Younger and healthier members of the pool should realize that, in effect, they are buying a call option that allows them to buy coverage at a premium far below the high actuarial cost of covering them when they are sicker. The price charged the healthy for this call option is the difference between the premium they must pay and the current lower actuarial cost of covering them.
Furthermore, for Americans in households with incomes below 400 percent of the federal poverty line, the green and red lines exaggerate the impact of the law on their spending. These Americans will be granted often quite generous, income-dependent federal subsidies toward the premiums they face on the exchanges and their out-of-pocket costs for health care. This makes it well-nigh impossible to make general statements, based on averages, about the net after-subsidy impact of the law.

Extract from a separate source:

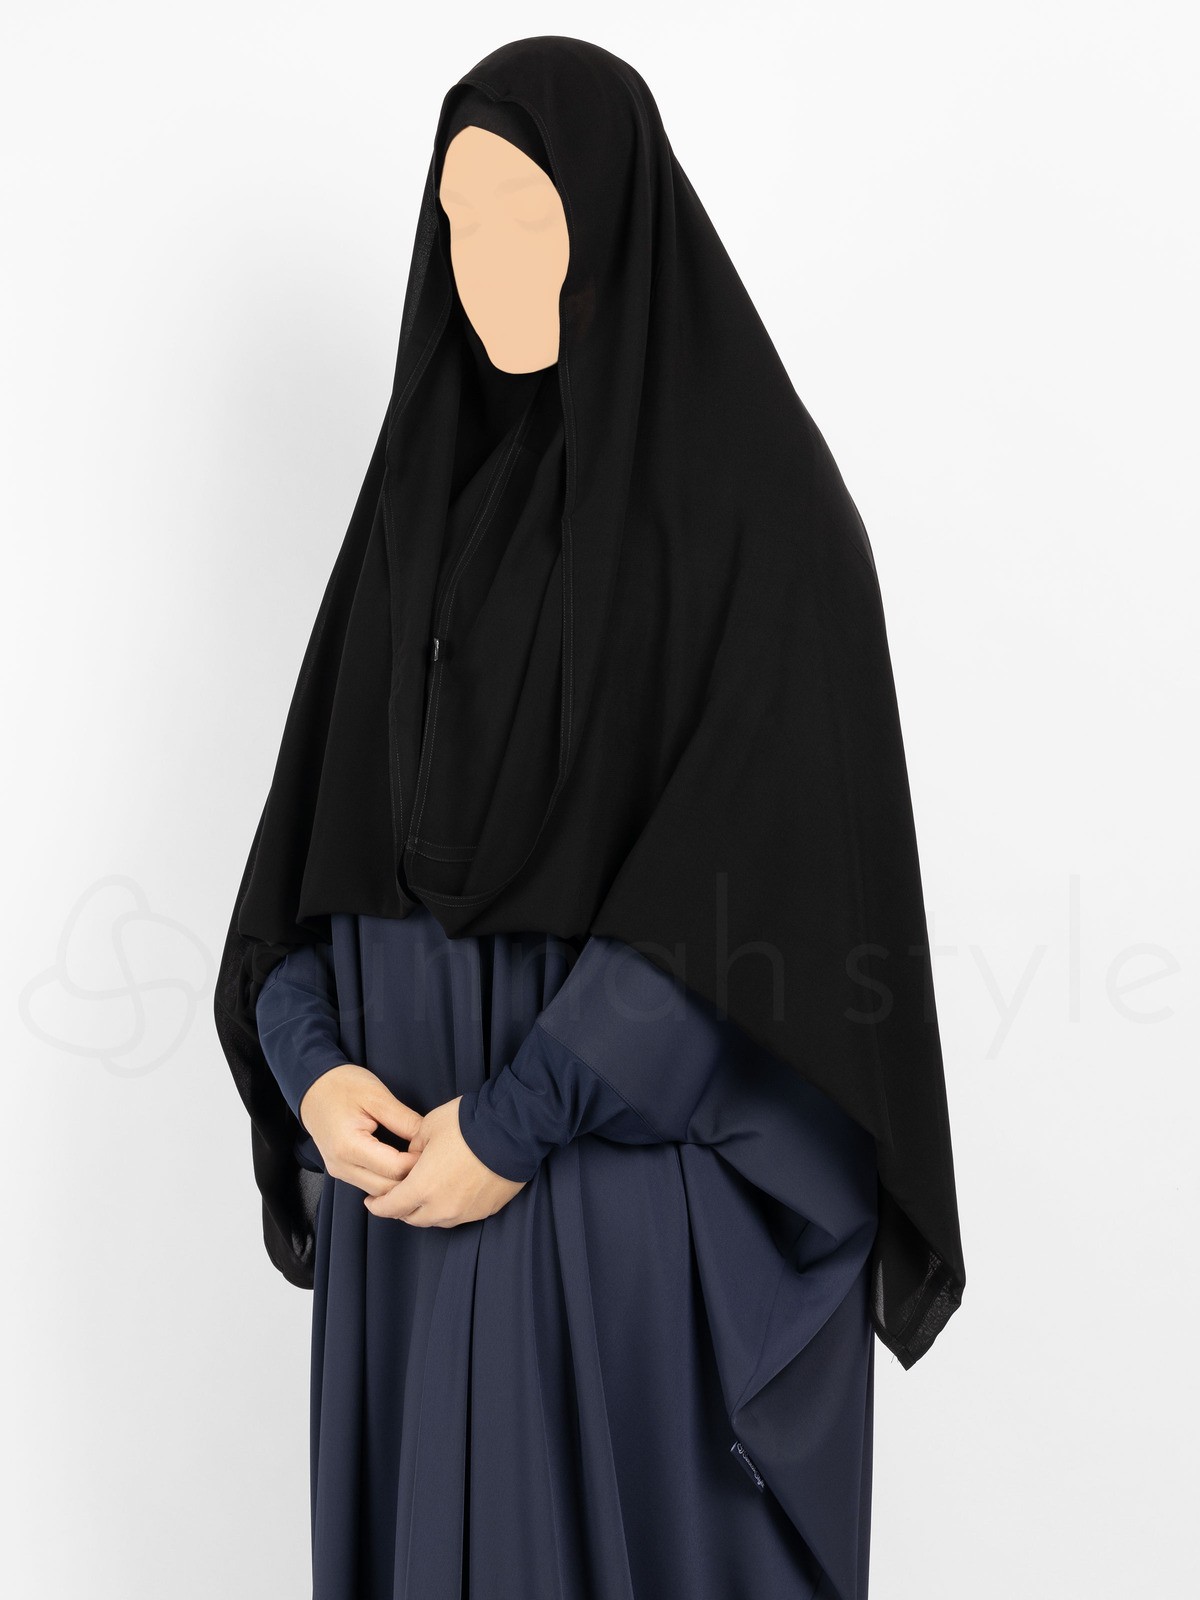 Sunnah Style - Butterfly Hijab (Black)

Thus, to compare how an individual currently insured in the nongroup market will fare as of Jan. 1, one should compare the premium the individual pays now — the medically underwritten Pi= (1 + L)Xi as in the equation above — with the net after-subsidy premium:
Pc = (1 + L)Xc – TCi
where Pc now is a common, community-rated premium quoted to all applicants in a given age group, Xc is the expected per-member outlay on health care for the insured, averaged over the insurer’s entire risk pool, and TCi is the income-based federal subsidy to which individual “i” may be entitled.
It is now easy to see how opponents of the health care law seeking to denounce it can engage in judicious half-truth. To that end, one compares the premium Pi currently paid by a perfectly healthy individual for a relatively skimpy insurance policy with the community-rated premium Pc, which covers a richer benefit package, and one would not, of course, mention the federal subsidies toward the quoted premium Pc and out-of-pocket costs, which can substantially reduce the overall out-of-pocket outlays for health care of lower-income individuals.

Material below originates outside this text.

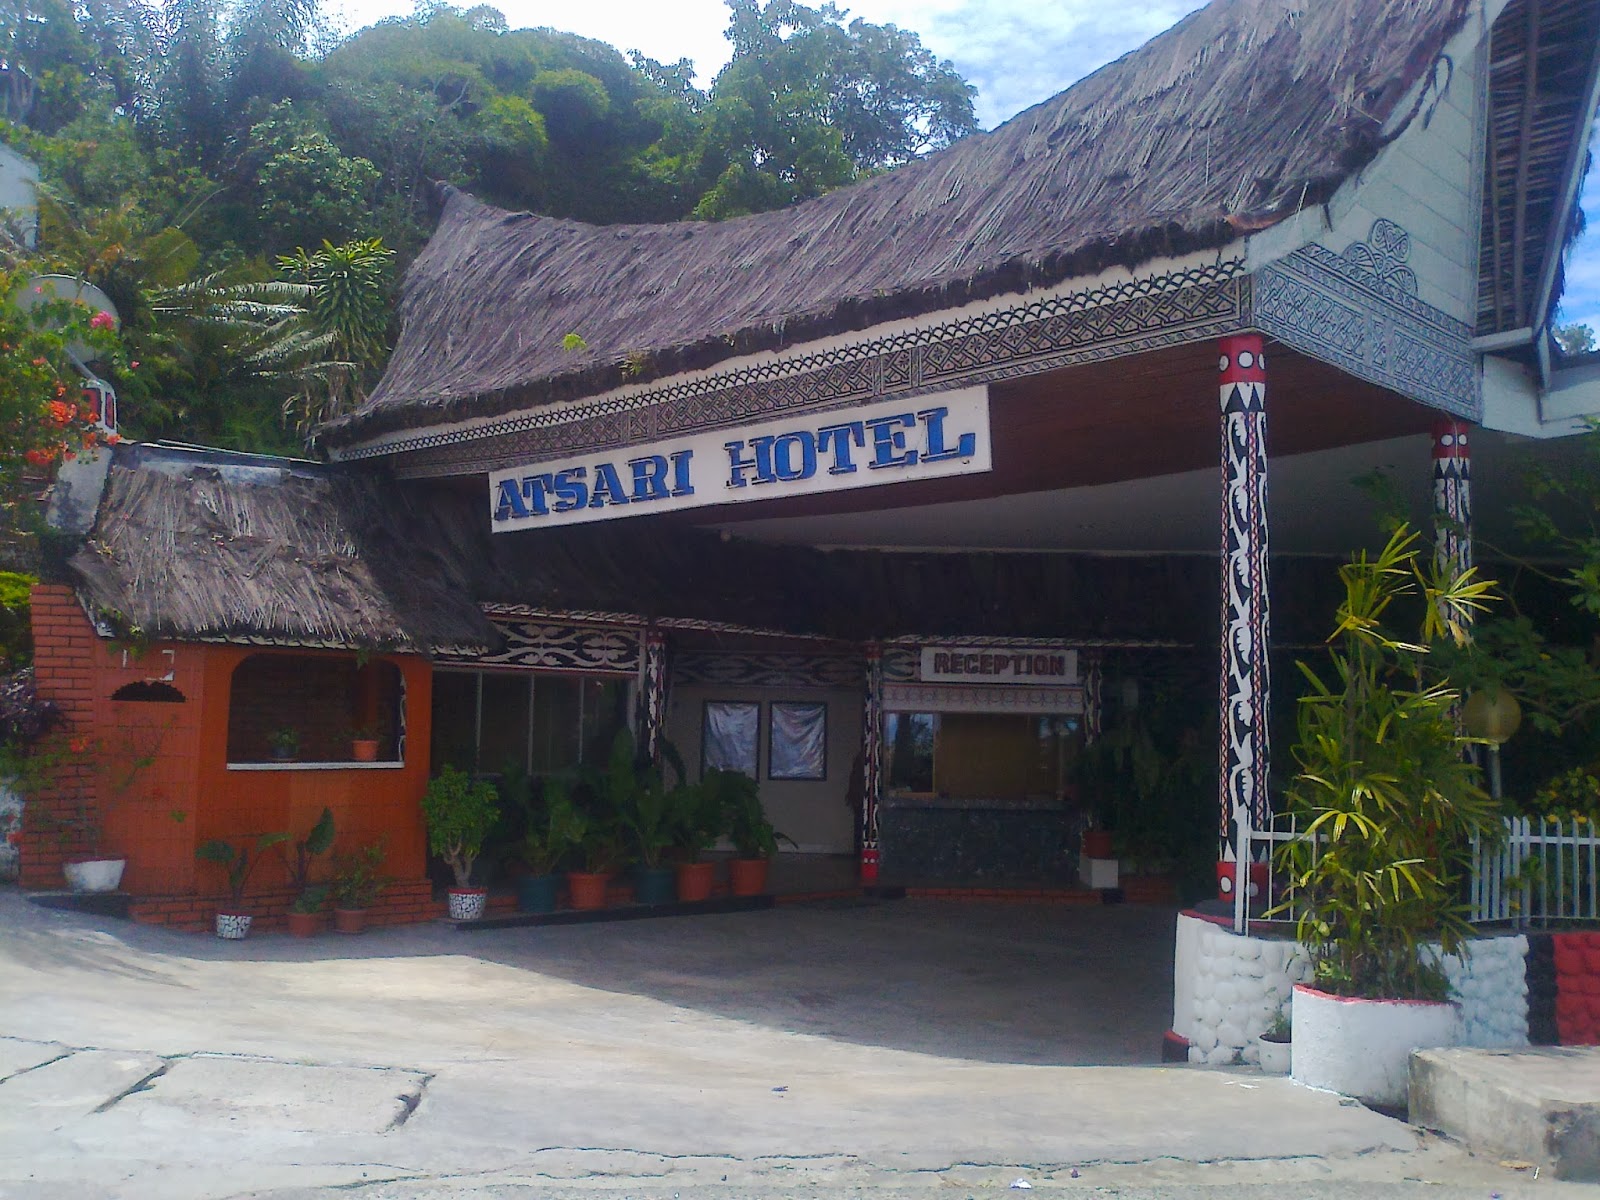 Astari Hotel Parapat Medan Sumatra Indonesia

That said, however, some higher-income individuals and small businesses are likely to see their premiums go up as a result of the new regime. Not everyone gains from the change.
Premium Joy
Less frequently noted in commentaries about the law — certainly among its critics — is that the law is likely to bring what I call “premium joy” to individuals and families with health problems. Many such people simply could not afford the high, medically underwritten premiums they were quoted in the traditional nongroup market. This joy will be shared by high-risk applicants who were refused coverage by the insurer, along with people now in high-risk pools.
One major design flaw in the law should be noted.

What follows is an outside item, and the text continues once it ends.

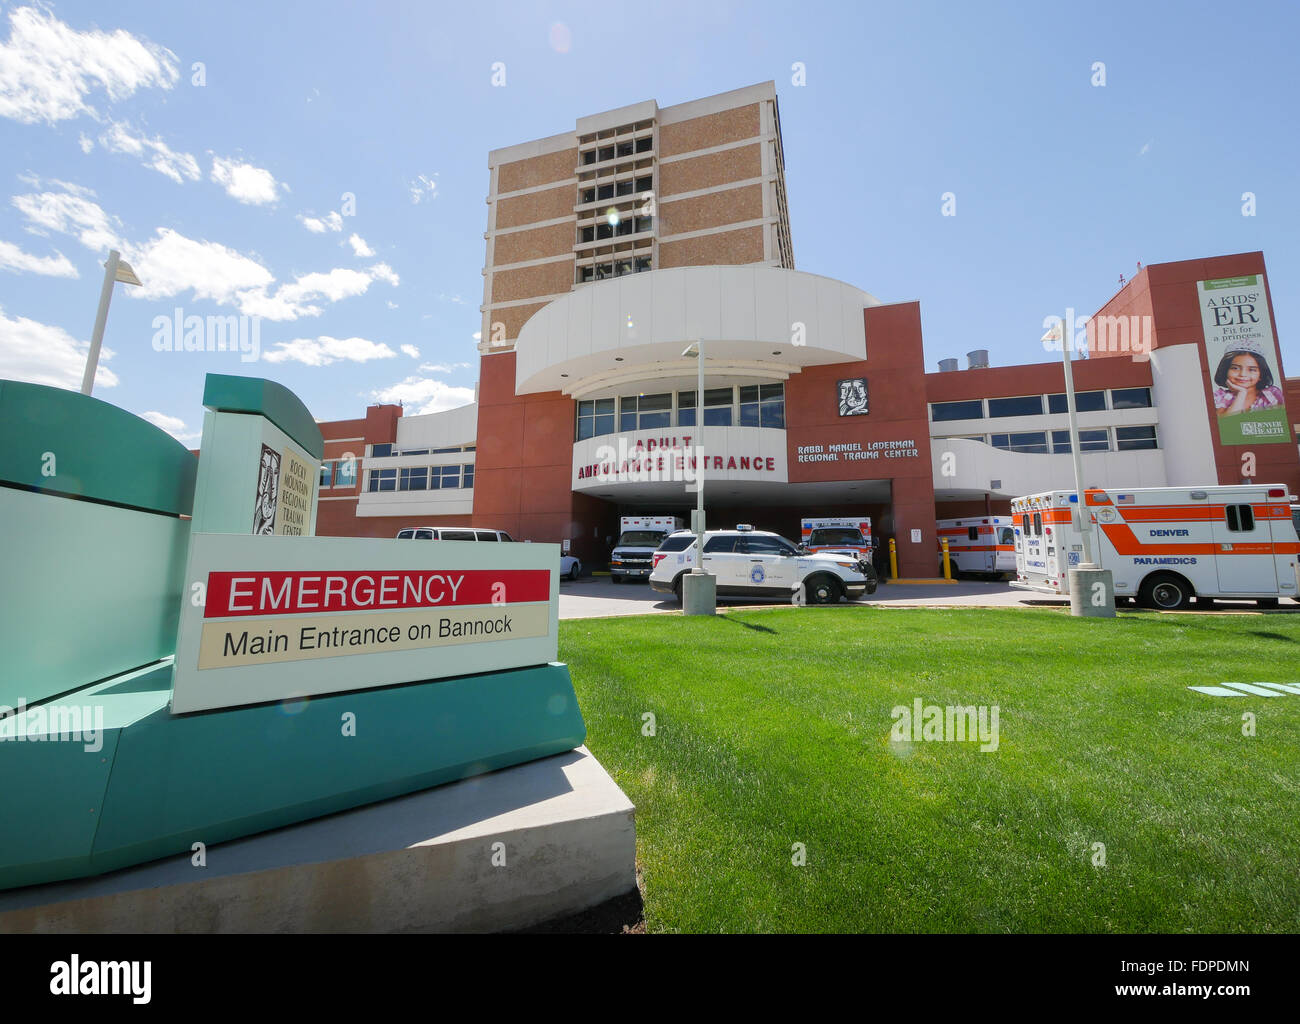 Denver Health Medical Center d'un grand hôpital public à Denver, Colorado Banque D'Images

The law mandates all individuals to have insurance coverage for a stipulated minimum benefit package, a necessary companion of community rating. Because the penalties for disobeying that mandate are so low, many young, healthy people may prefer to pay the penalty and remain uninsured until they fall ill, when they can get community-rated coverage.
That possibility — called “adverse risk selection” — could raise the entire community-rated premium curve from, say, the green curve to the red curve, adding to the premium shock of healthy people. Although the federal subsidies will mitigate this effect for many insured, better approaches are available to deal with this problem.